26 September 2013

Barriers in SA healthcare need to be broken down

Strong partnerships between the public and private sector need to be built if South Africans want to achieve optimum health.


The clear divisions between public and private healthcare in South Africa need to be broken down, and strong partnerships between the public and private sector need to be built if we want the nation to achieve optimum health.

This was the clear message from Dr Anban Pillay, Deputy Director General Health Regulatory and Compliance Management at the National Department of Health. He was speaking at the 14th Annual conference of the Board of Healthcare Funders (BHF), held in Cape Town recently.

Standard treatment guidelines

Dr Pillay called for medical schemes to partner with government to come up with evidence-based, defendable, standard treatment guidelines.

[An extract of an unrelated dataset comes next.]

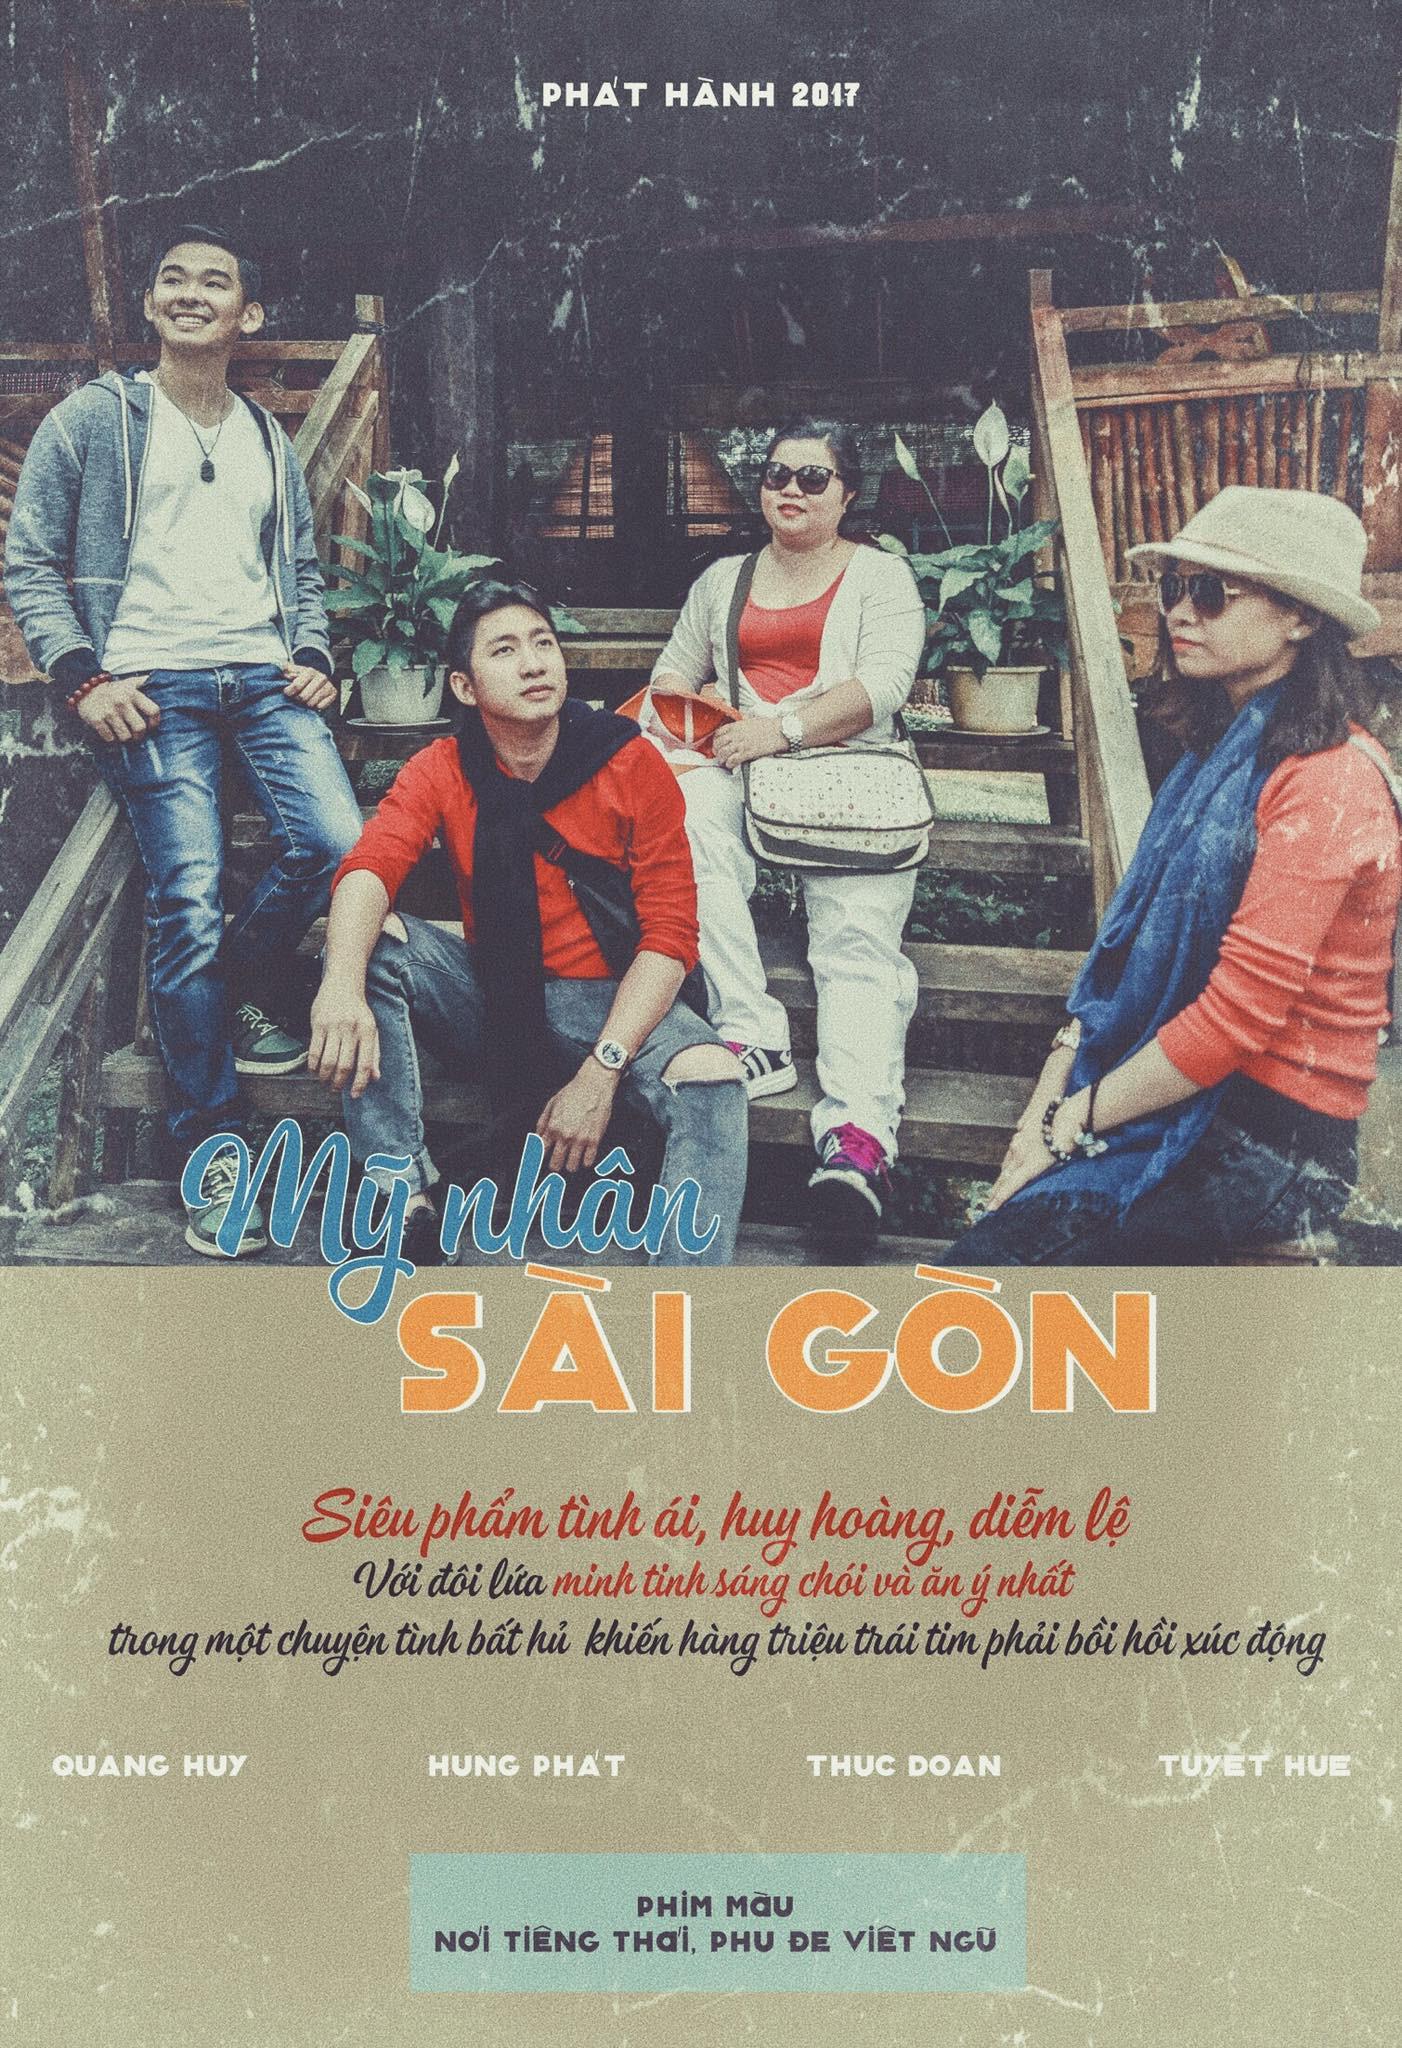 Phong cách chỉnh màu retro cùng những câu cửa miệng của người Sài Gòn xưa được các bạn trẻ yêu thích (ảnh: internet)

“Any partnership needs to focus on healthcare,” he said. “The problems come in when it is a purely financial arrangement. We need to ensure that we build long term relationships that are developed on mutual respect.” 

Dr Pillay emphasised that the strengths of both sectors needed to be taken into account. “Too often we focus on the weaknesses, and by so doing, we sell ourselves short,” he said.

For Dr Pillay, one of the major strengths of the private healthcare sector is the purchaser-provider split which provides a healthy tension and allows both purchasers and providers to hold each other to account. In the public sector, it is important to recognise that South Africa is a leader in medicine procurement. The State is also able to provide many services at lower cost and public hospitals could be used by the private sector for selected cases far more often than is currently the case.

Private sector patients at risk

He also warned that private sector patients were at risk because of a perception that free vaccinations and family planning were for public sector patients only.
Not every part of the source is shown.